Please transcribe the data that follows without the pictures, keeping every word the same.

PROVIDED DATA:
+ + + + +
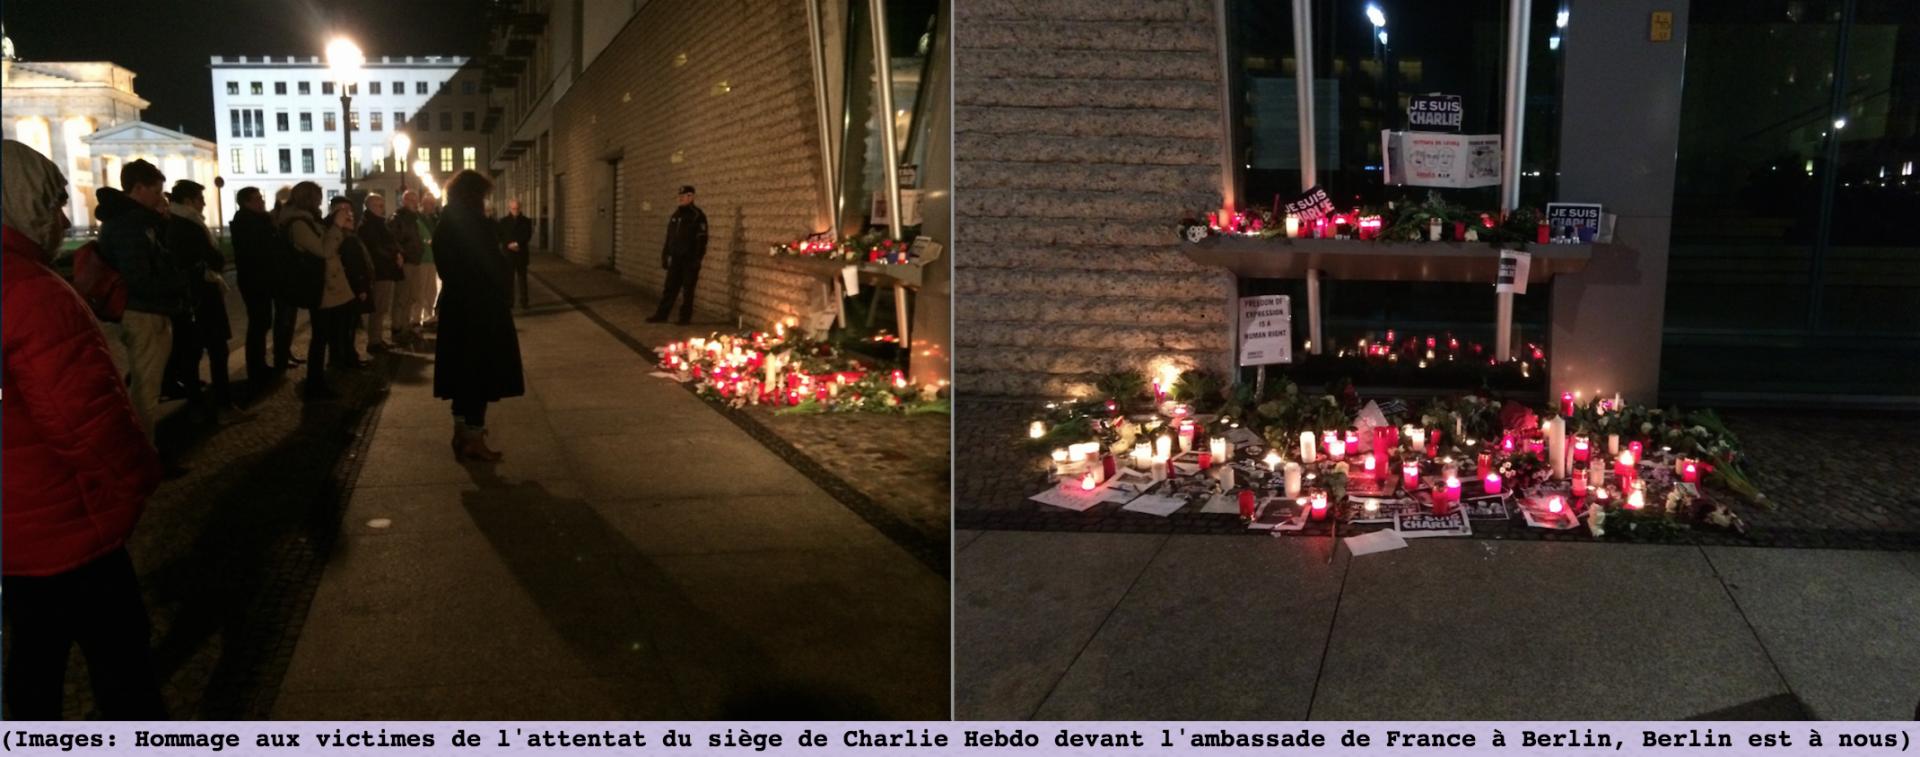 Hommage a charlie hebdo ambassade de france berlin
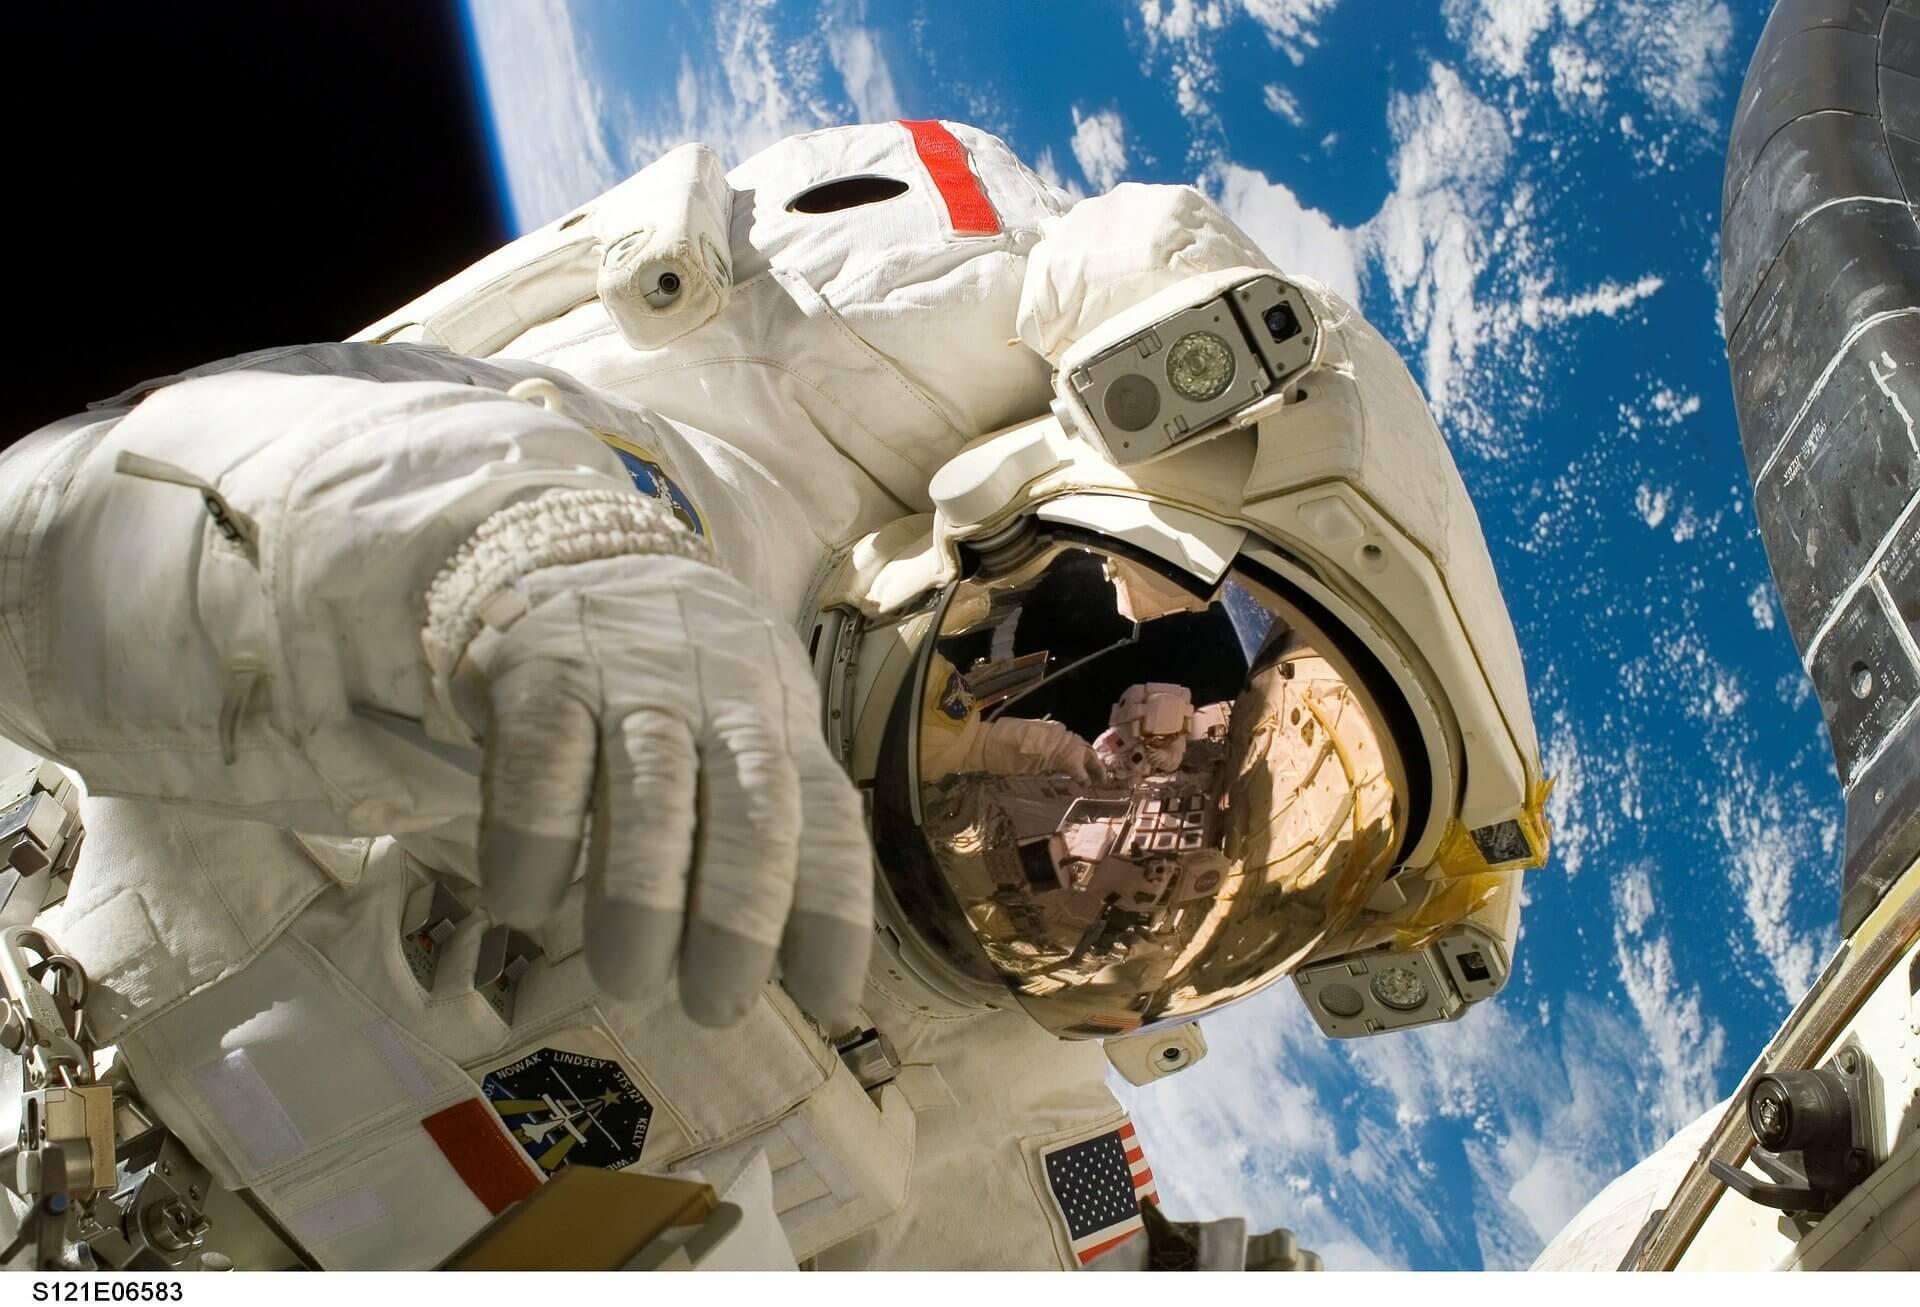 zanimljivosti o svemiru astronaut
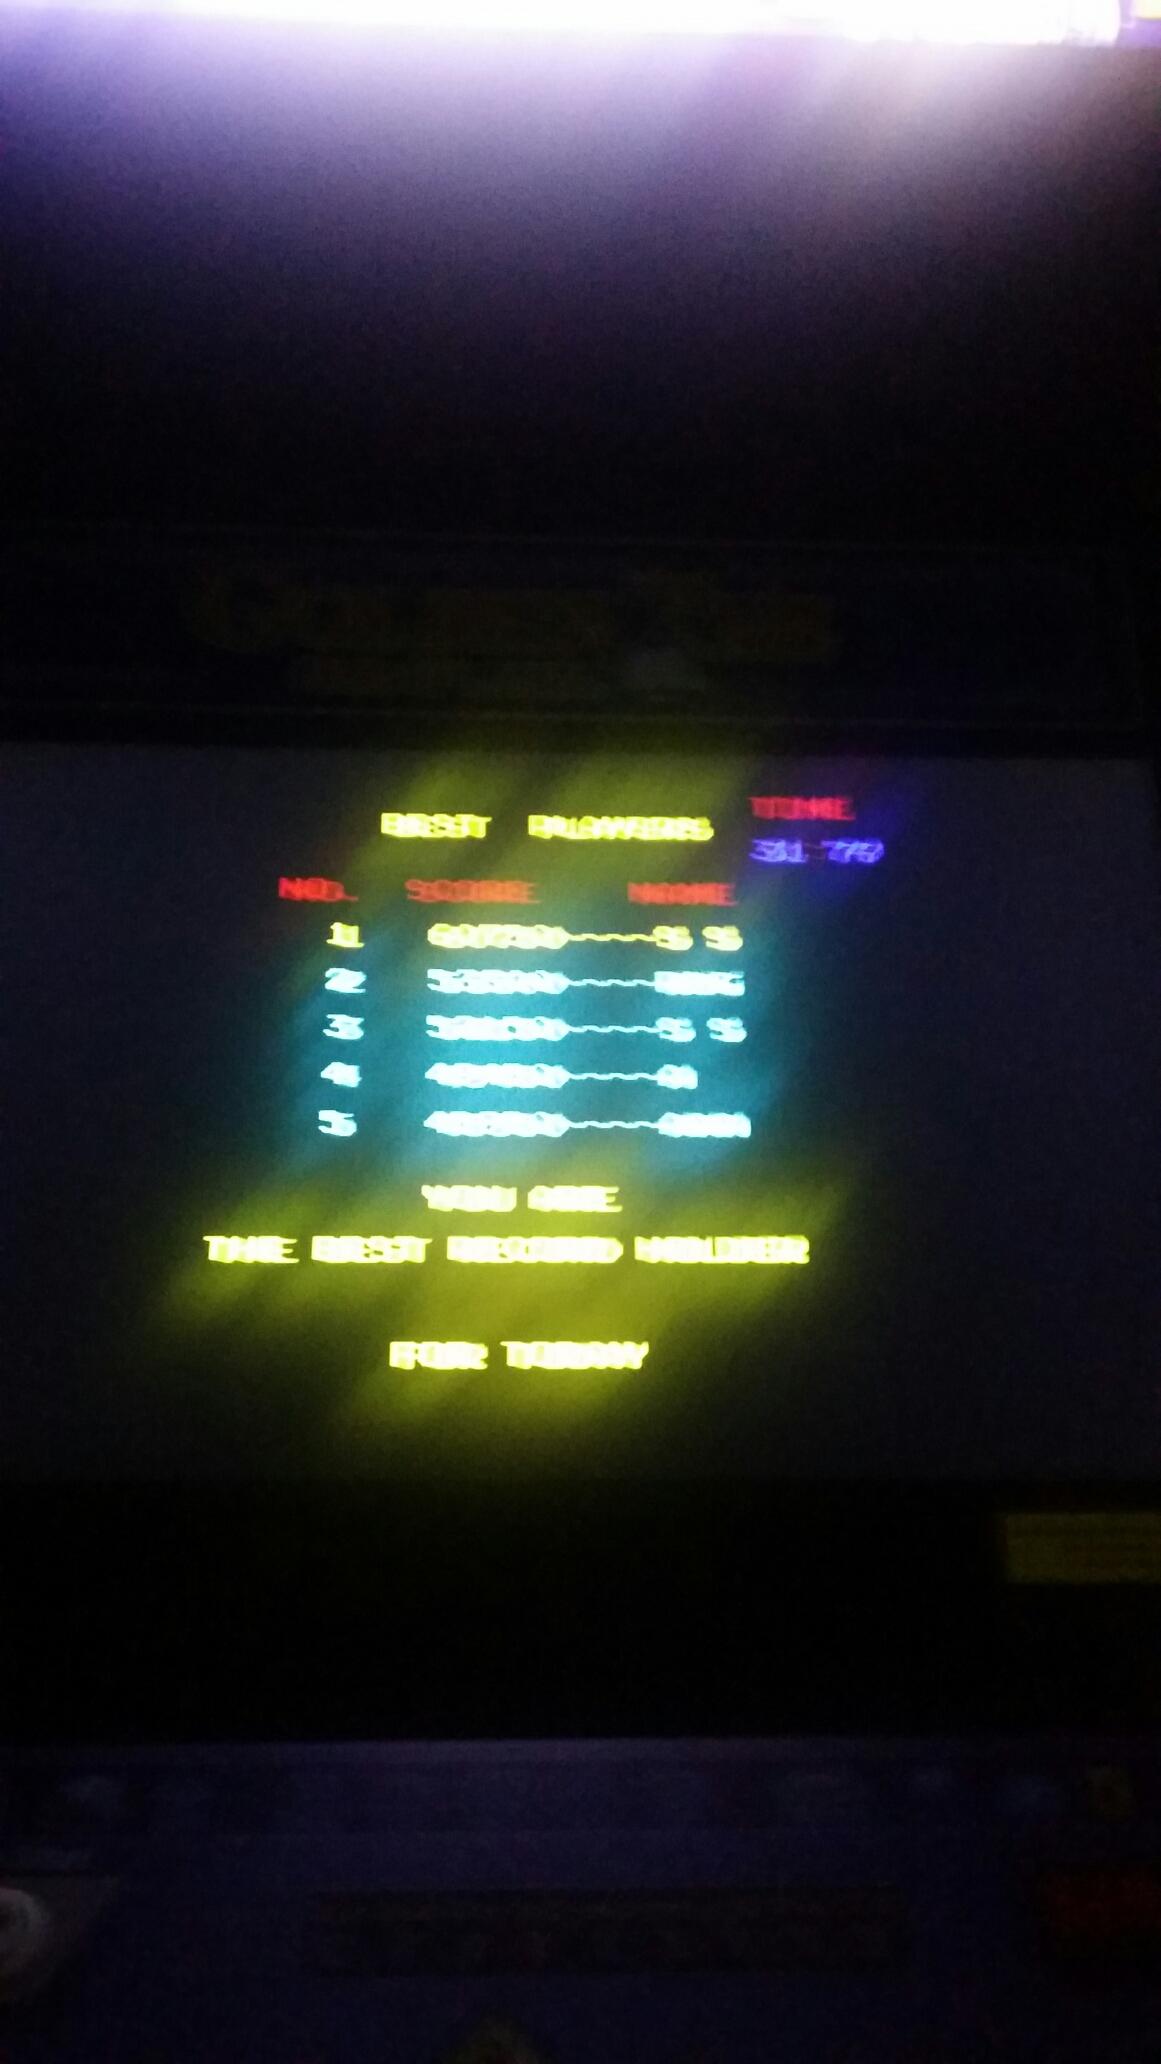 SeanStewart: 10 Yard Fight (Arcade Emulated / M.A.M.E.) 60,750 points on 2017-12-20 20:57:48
+ + + + +
ANSWER BELOW:
 Hommage a charlie hebdo ambassade de france berlin
 zanimljivosti o svemiru astronaut
 SeanStewart: 10 Yard Fight (Arcade Emulated / M.A.M.E.) 60,750 points on 2017-12-20 20:57:48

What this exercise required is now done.